But you could still define string as a struct that internally points to a char[] array or even a char* pointer and an int for its length, make it immutable, and voila!, you'd have a type that behaves like a reference type but is technically a value type.

This would seem quite silly, honestly. As Eric Lippert has pointed out in a few of the comments to other answers, defining a value type like this is basically the same as defining a reference type. In nearly every sense, it would be indistinguishable from a reference type defined the same way.

So the answer to the question "Why is string a reference type?" is, basically: "To make it a value type would just be silly." But if that's the only reason, then really, the logical conclusion is that string could actually have been defined as a struct as described above and there would be no particularly good argument against that choice.

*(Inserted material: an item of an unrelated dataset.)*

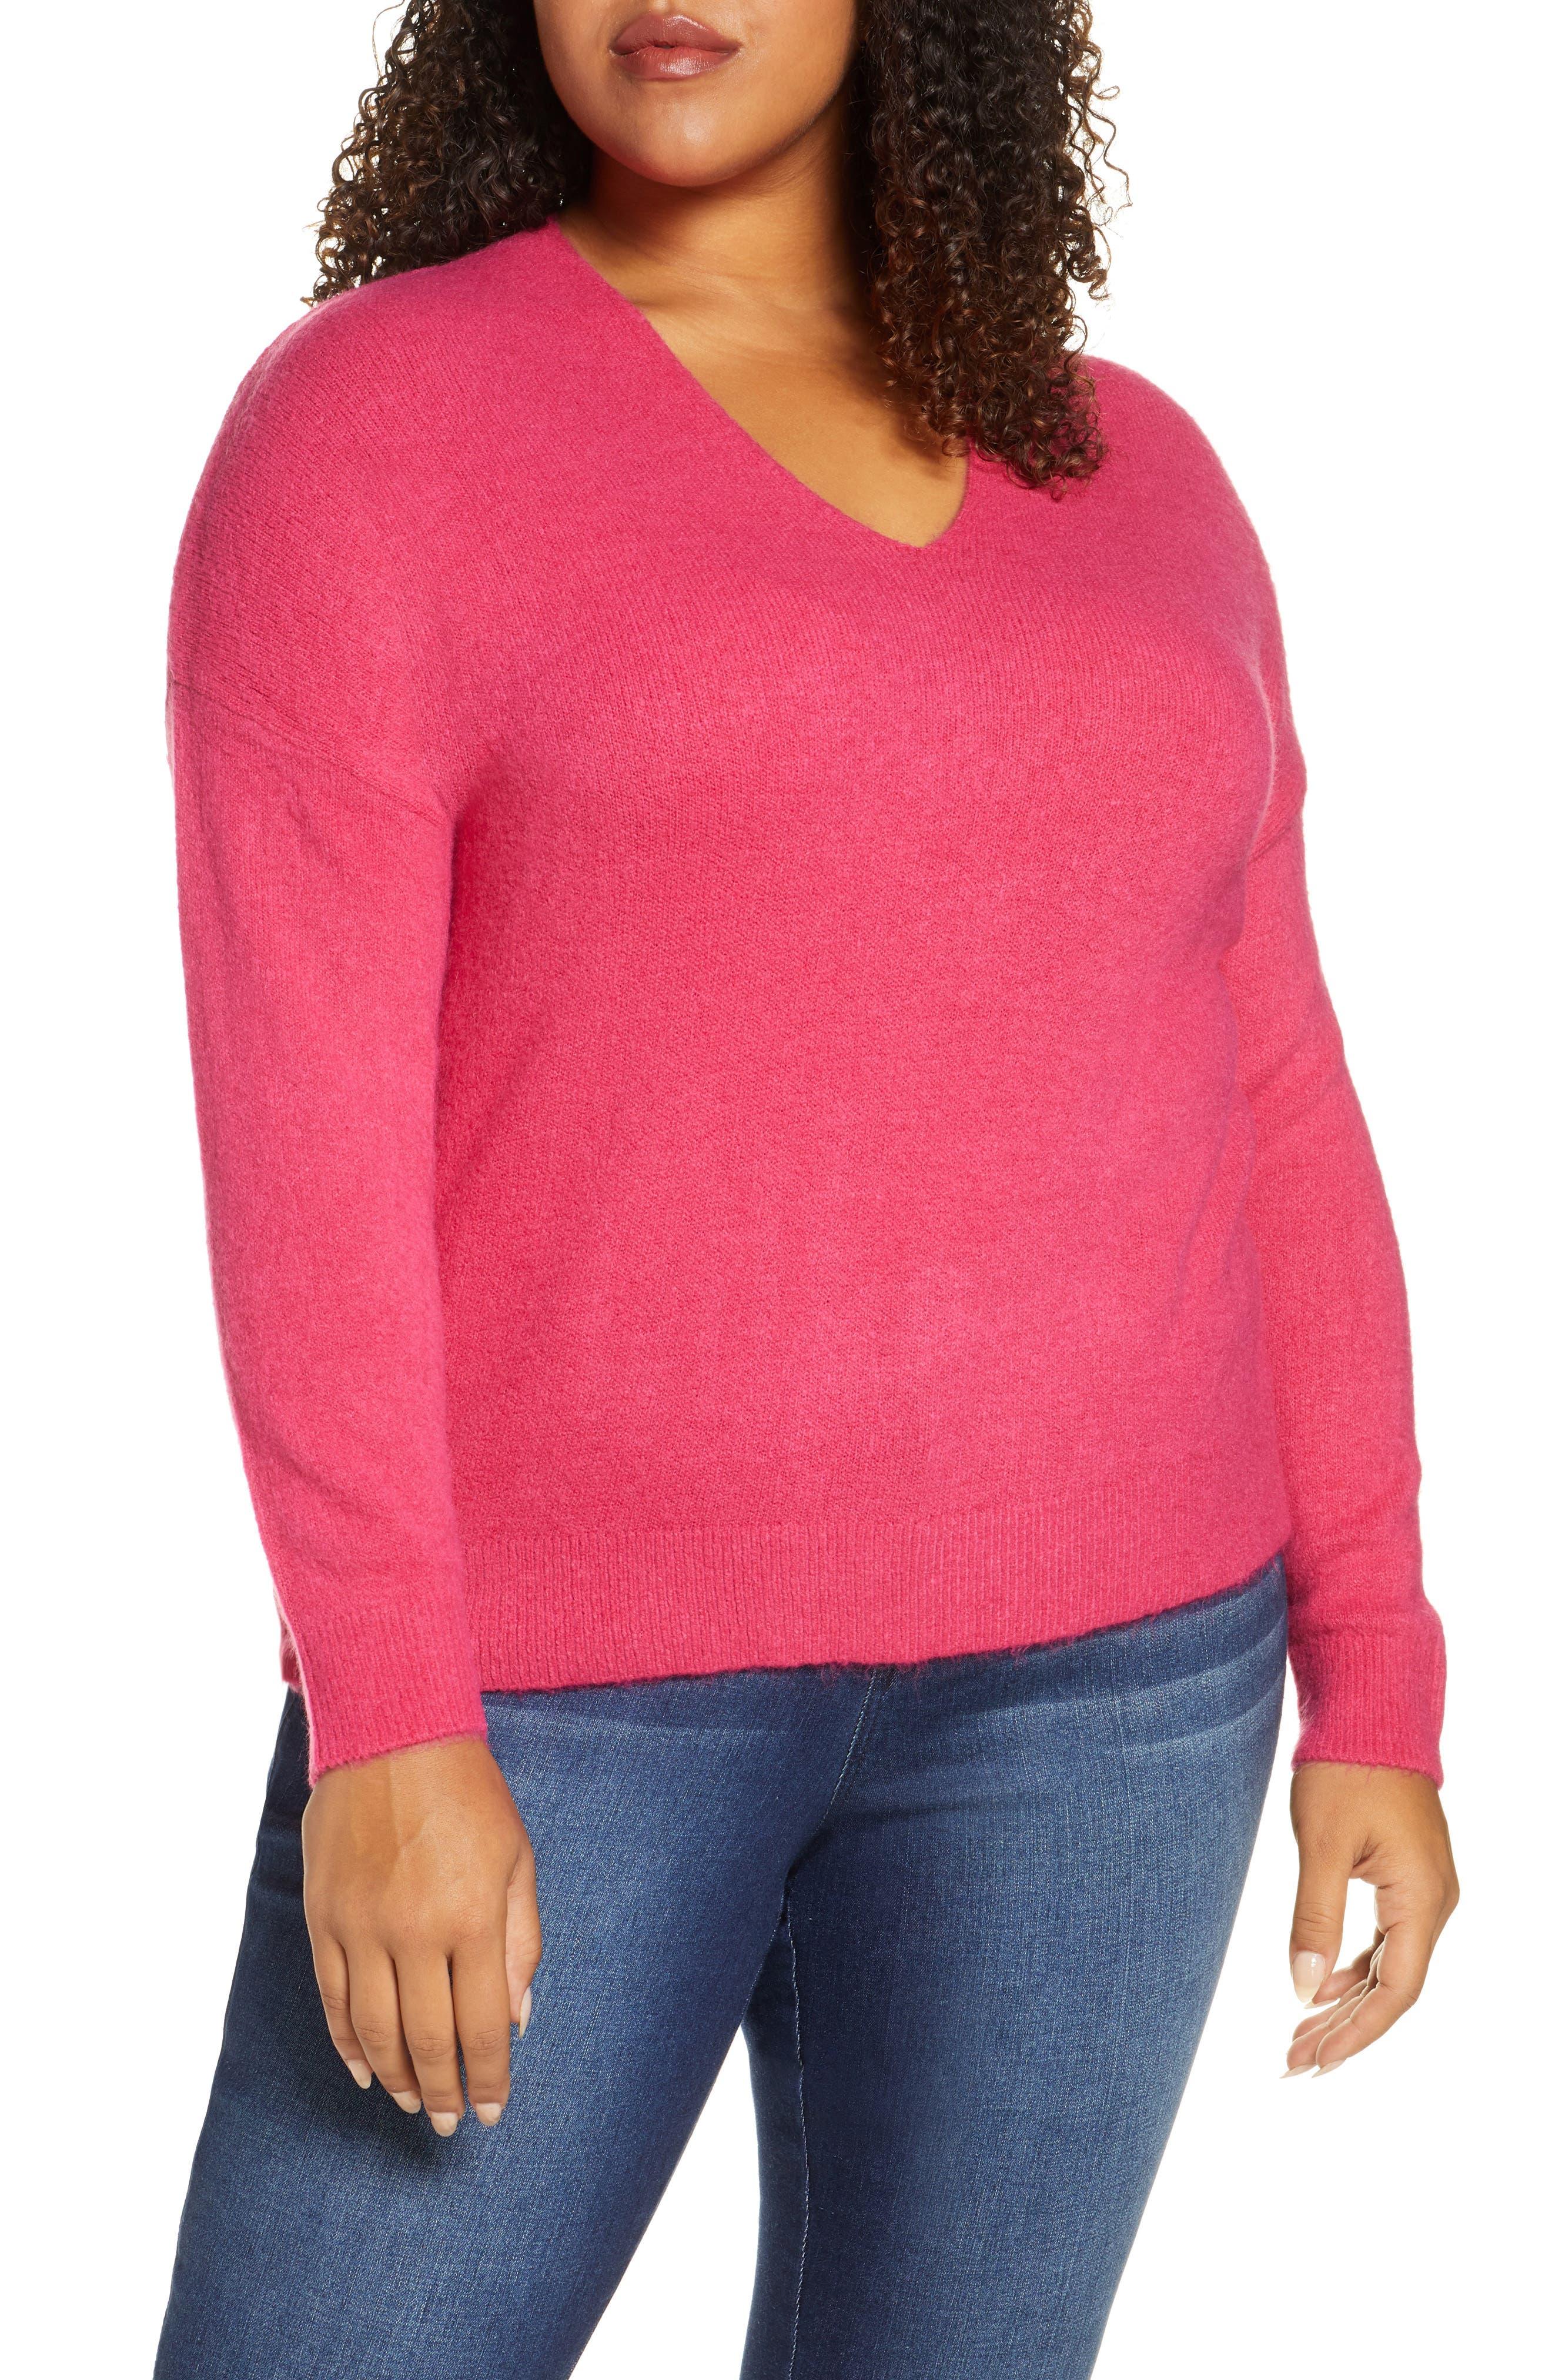 Image of Rachel Rachel Roy Ivory V-Neck Pullover Sweater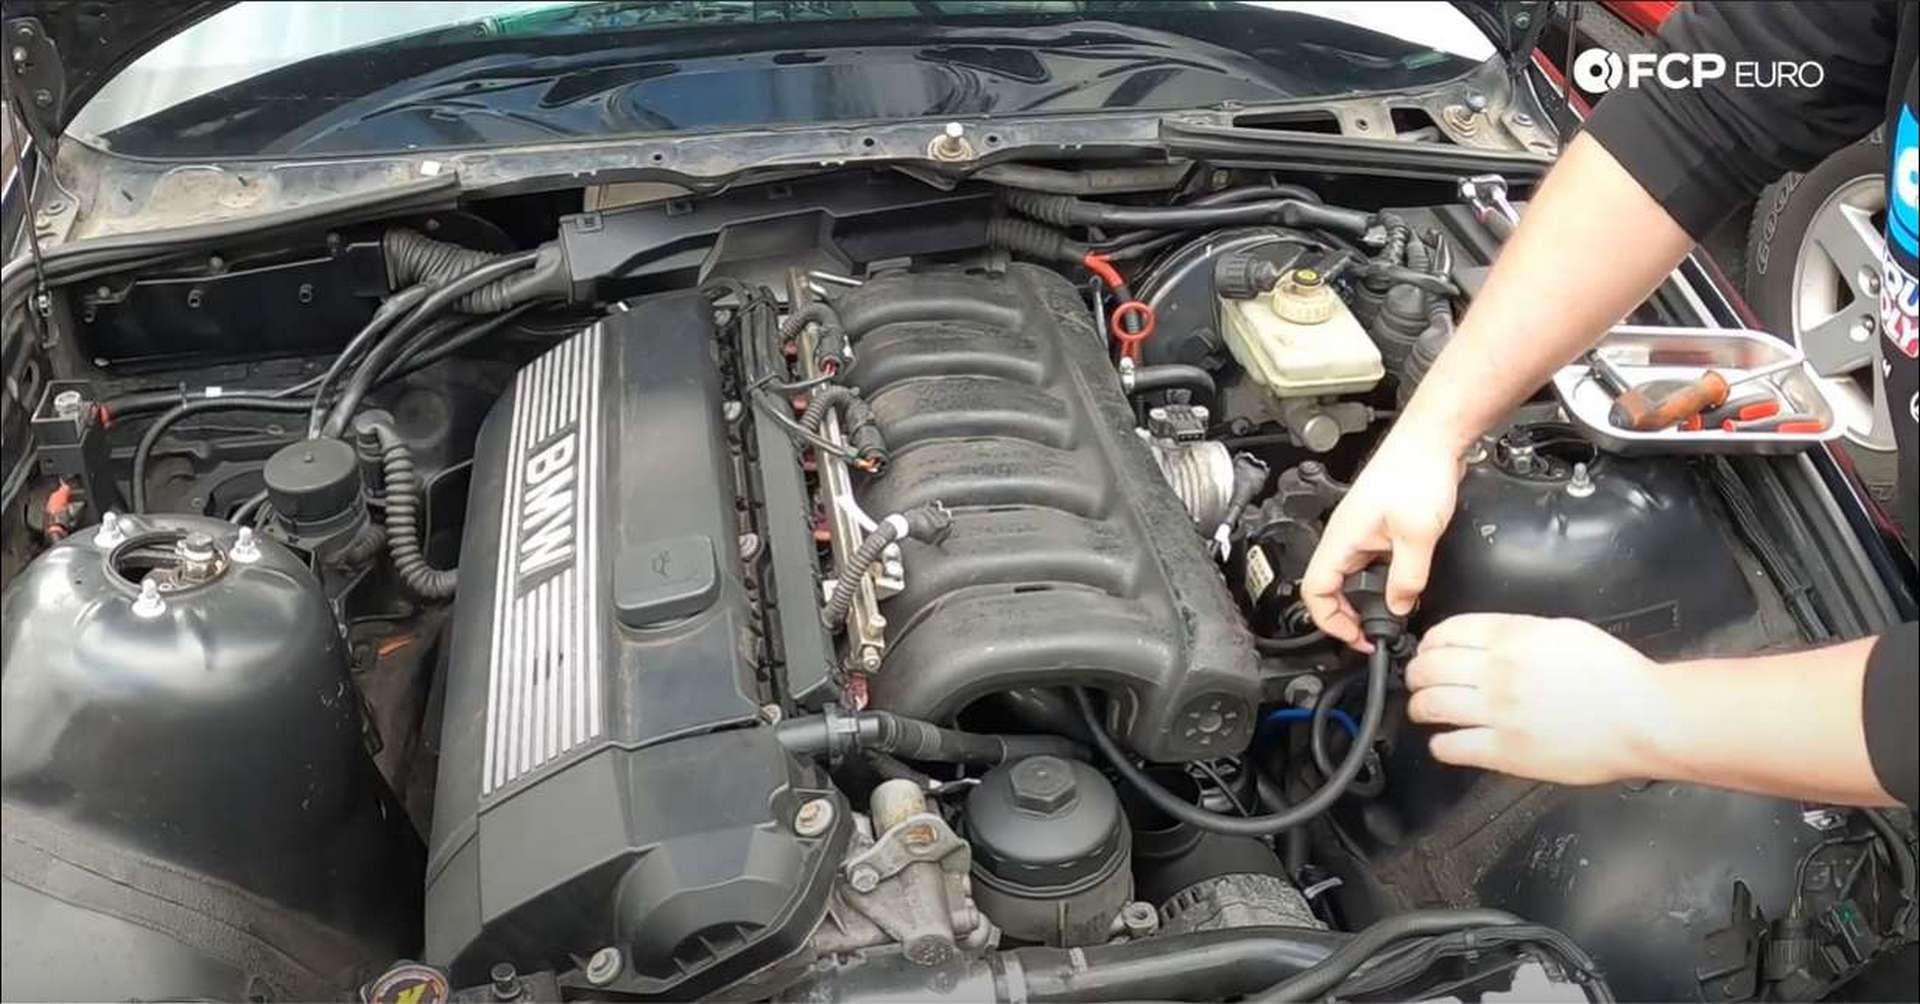 DIY BMW M50 Intake Manifold purge valve

However, there are reasons that it's better to make string a class than a struct that are more than purely intellectual. Here are a couple I was able to think of:

To prevent boxing

If string were a value type, then every time you passed it to some method expecting an object it would have to be boxed, which would create a new object, which would bloat the heap and cause pointless GC pressure. Since strings are basically everywhere, having them cause boxing all the time would be a big problem.

For intuitive equality comparison

Yes, string could override Equals regardless of whether it's a reference type or value type. But if it were a value type, then ReferenceEquals("a", "a") would return false! This is because both arguments would get boxed, and boxed arguments never have equal references (as far as I know).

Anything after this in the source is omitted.